# Digit Archive now hosted at Codeplex - download now!



## vamsi360 (May 28, 2010)

*Update:*

*The DigitArchive is now hosted at Codeplex*. I am thrilled to announce this project as a opensource project - my first one. Codeplex is a Microsoft project hosting site hosting the opensource projects.

You can hence access the source code, contribute to this project and become a developer. Visit the codeplex DigitArchive homepage for more details on how to get access to the source code, request features and then how to contribute your own code.

I hope there are many developers out there and would contribute to this project and make it an always running successful project.
*Download it from:*

*digitarchive.codeplex.com

Download the software from codeplex from now onwards. Just go to the above page and click the download button to the right.

*Update:*

*Updated to Release Candidate 2 (RC2)*

Changes:
-The software is now more usable.
-Easier search which is now not case-sensitive.
-Select "All" option in all drop down lists or select the value. It works in all the cases.

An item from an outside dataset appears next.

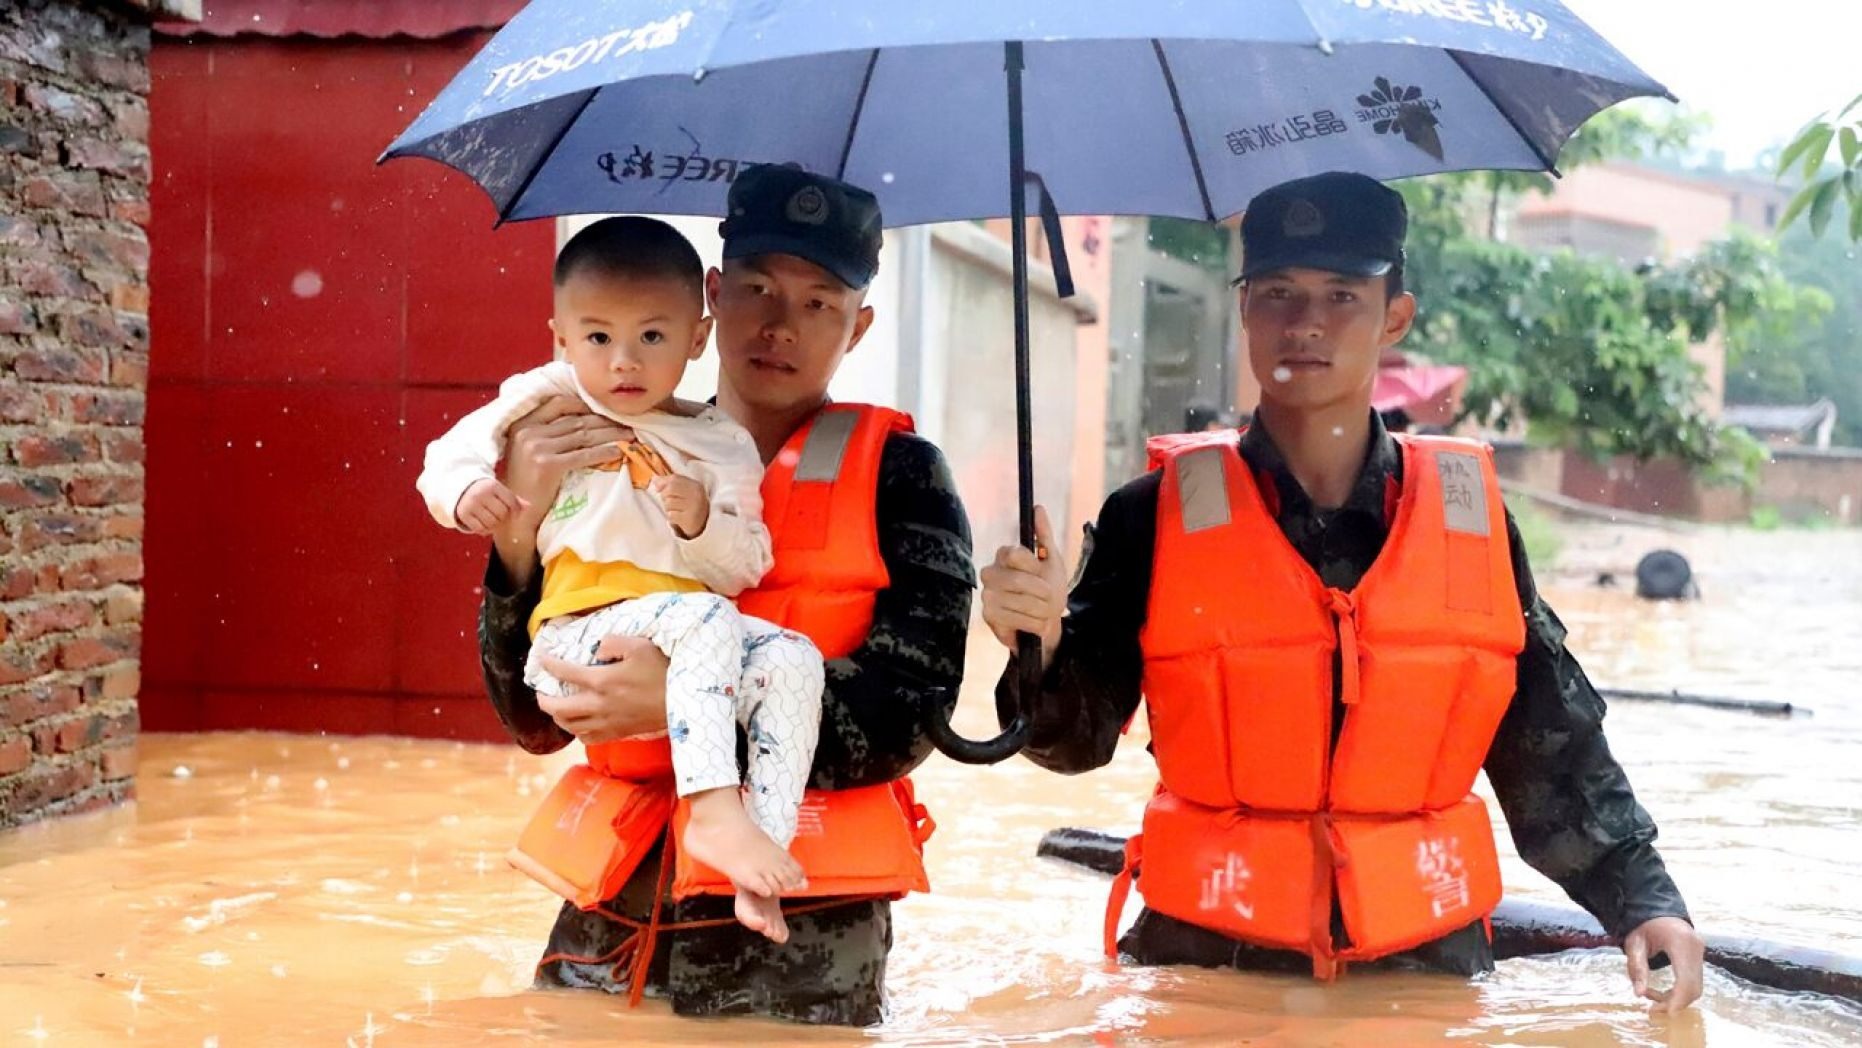 Trung Quốc: 1.300 ngôi nhà bị phá hủy, 228.000 người chạy lũ khẩn 2
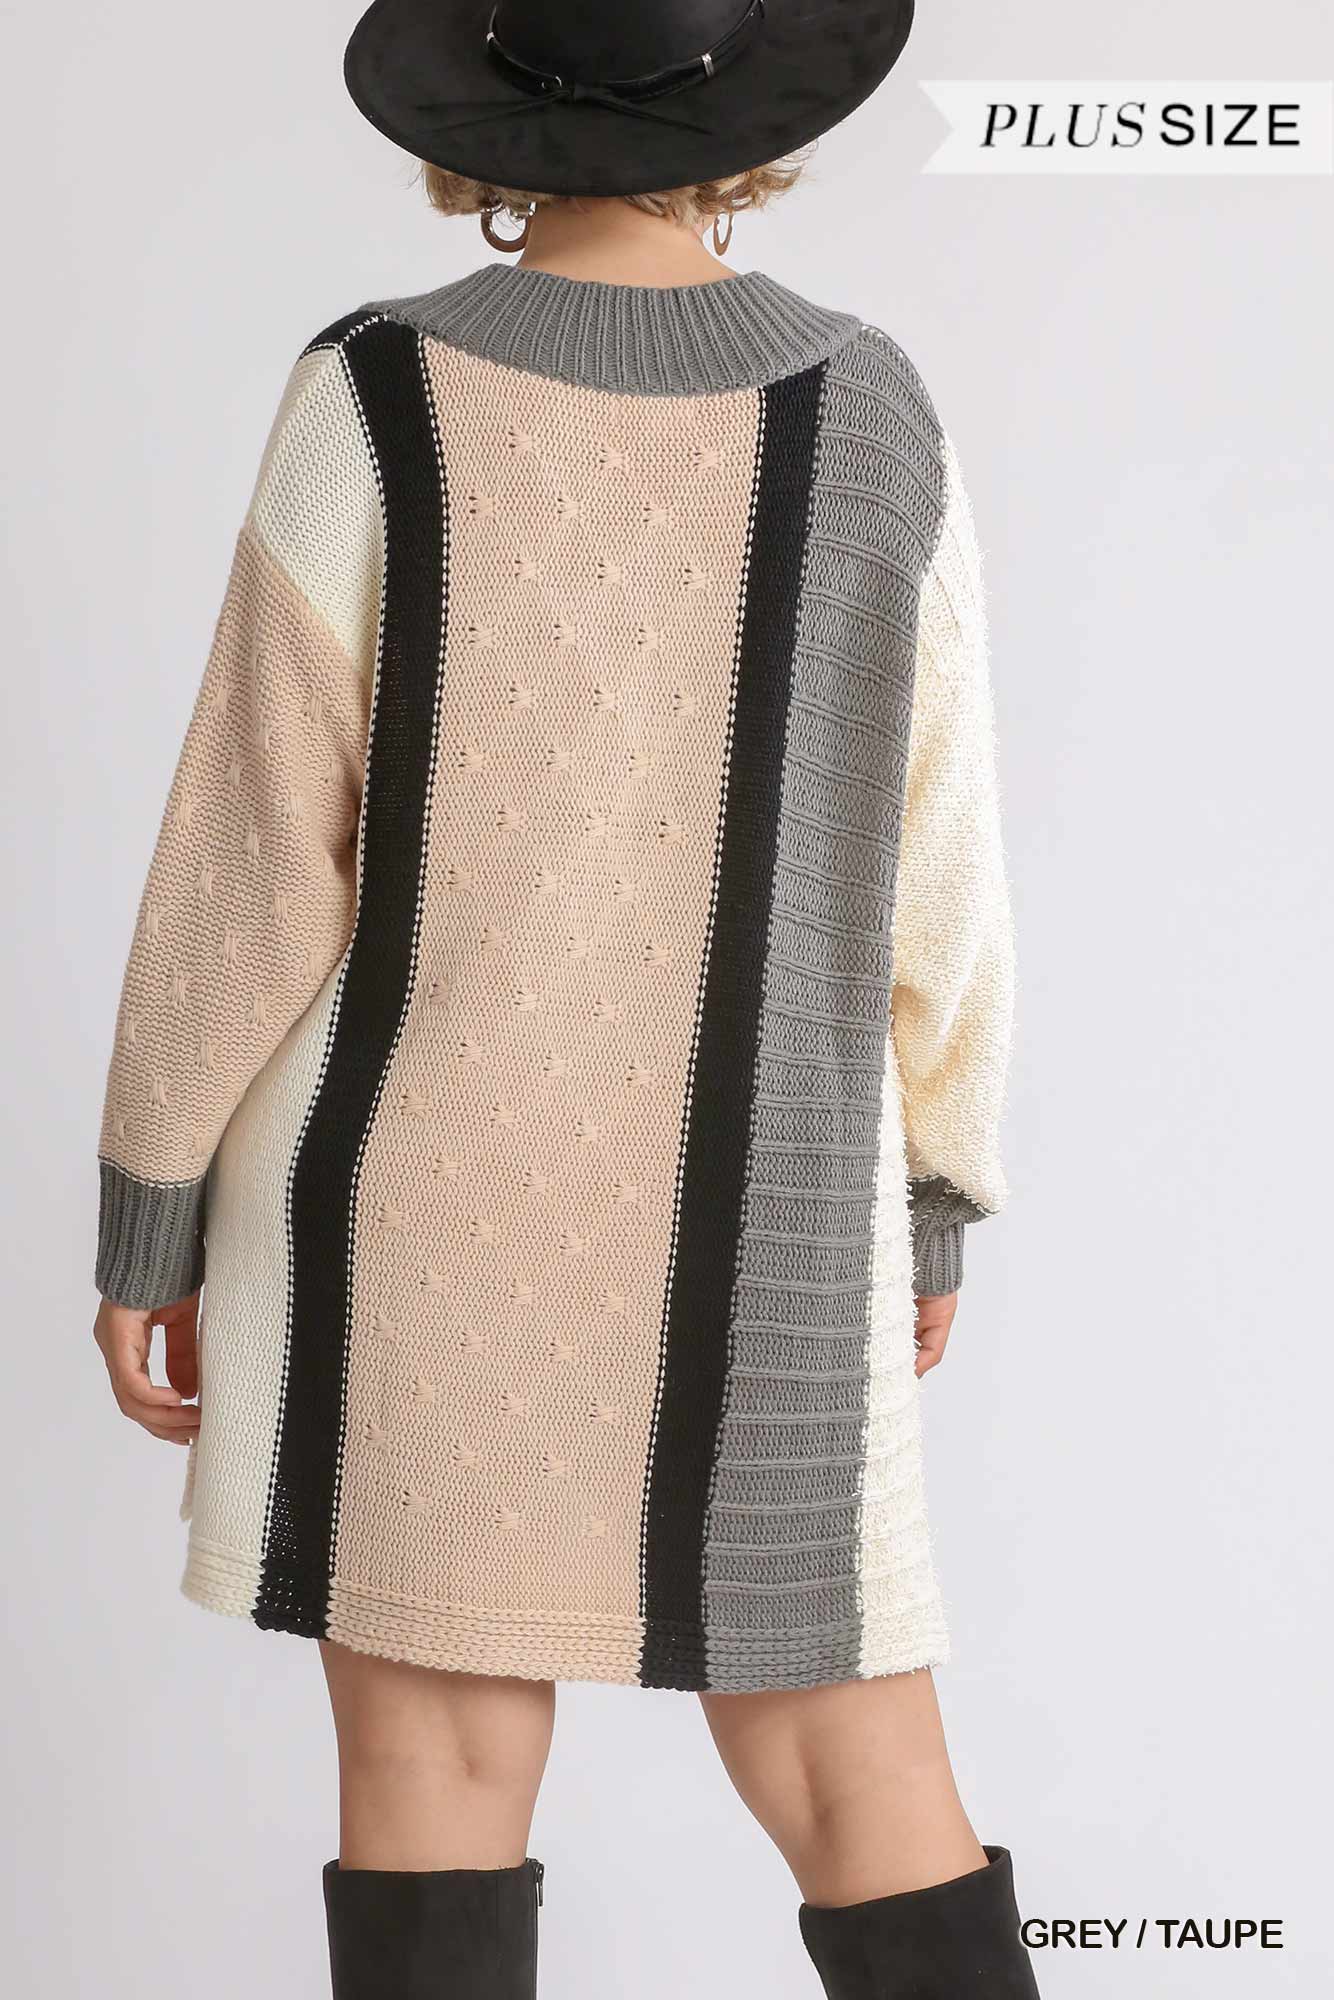 Multicolor Boucla V-neck Oversized Women's Sweater Dress

This build is more stable and functional with all the requested software. It is tested and found to work with all the supported Windows platforms with .Net 3.5
Download now and enjoy. Don't forget to provide feedback.

Jai Gurudeva!


----------



## Rahim (May 28, 2010)

*Re: New DIGIT Archive with all the features.*

Commendable job indeed. Keep it improving and best of luck.


----------



## vamsi360 (May 29, 2010)

*Re: New DIGIT Archive with all the features.*

@Rahim
Thanks.

But no one else tested this archive? Friends just download it, run and post your experiences here.


----------



## ankushkool (May 29, 2010)

*Re: New DIGIT Archive with all the features.*

Great job... will try it out!


----------



## gopi_vbboy (May 30, 2010)

*Re: New DIGIT Archive with all the features.*

i am getting
XML Parsing Error: not well-formed
Location: *cid-0bb492e626f032e0.skydrive.live.com/self.aspx/Digit Archive/Build6.zip
Line Number 120, Column 20:for (var i = 0; i < selfPageData.items.length; i++)
-------------------^

---------- Post added at 06:44 PM ---------- Previous post was at 06:43 PM ----------

-----

i am unable to download dude


----------



## vamsi360 (May 30, 2010)

*Re: New DIGIT Archive with all the features.*



gopi_vbboy said:


> i am getting
> XML Parsing Error: not well-formed
> Location: *cid-0bb492e626f032e0.skydrive.live.com/self.aspx/Digit%20Archive/Build6.zip
> Line Number 120, Column 20:for (var i = 0; i < selfPageData.items.length; i++)
> ...


 
Are you telling it is a problem with SKYDRIVE? Now it's working correctly dude. Use IE8 to download.
(OR)
use this link from Box.NET to download:

*www.box.net/shared/hjbo0tcjro

The download links are functioning well now. Thanks for your feedback. Would you mind trying it again?


----------



## gopi_vbboy (May 30, 2010)

*Re: New DIGIT Archive with all the features.*

upload in mediafire...i am in linux


----------



## vamsi360 (May 30, 2010)

*Re: New DIGIT Archive with all the features.*



gopi_vbboy said:


> upload in mediafire...i am in linux


 
box.net doesn't require windows dude..

Both links will work in linux under firefox too. Microsoft supports firefox so does box.net.


----------



## rkneo11 (May 30, 2010)

*Re: New DIGIT Archive with all the features.*

just downloaded it...
cool interface...


----------



## vamsi360 (May 31, 2010)

*Re: New DIGIT Archive with all the features.*



rkneo11 said:


> just downloaded it...
> cool interface...



thank you. New build will be released soon...


----------



## Rollercoaster (Jun 2, 2010)

*Re: New DIGIT Archive with all the features.*

good stuff. downloading now.. will post feedback later.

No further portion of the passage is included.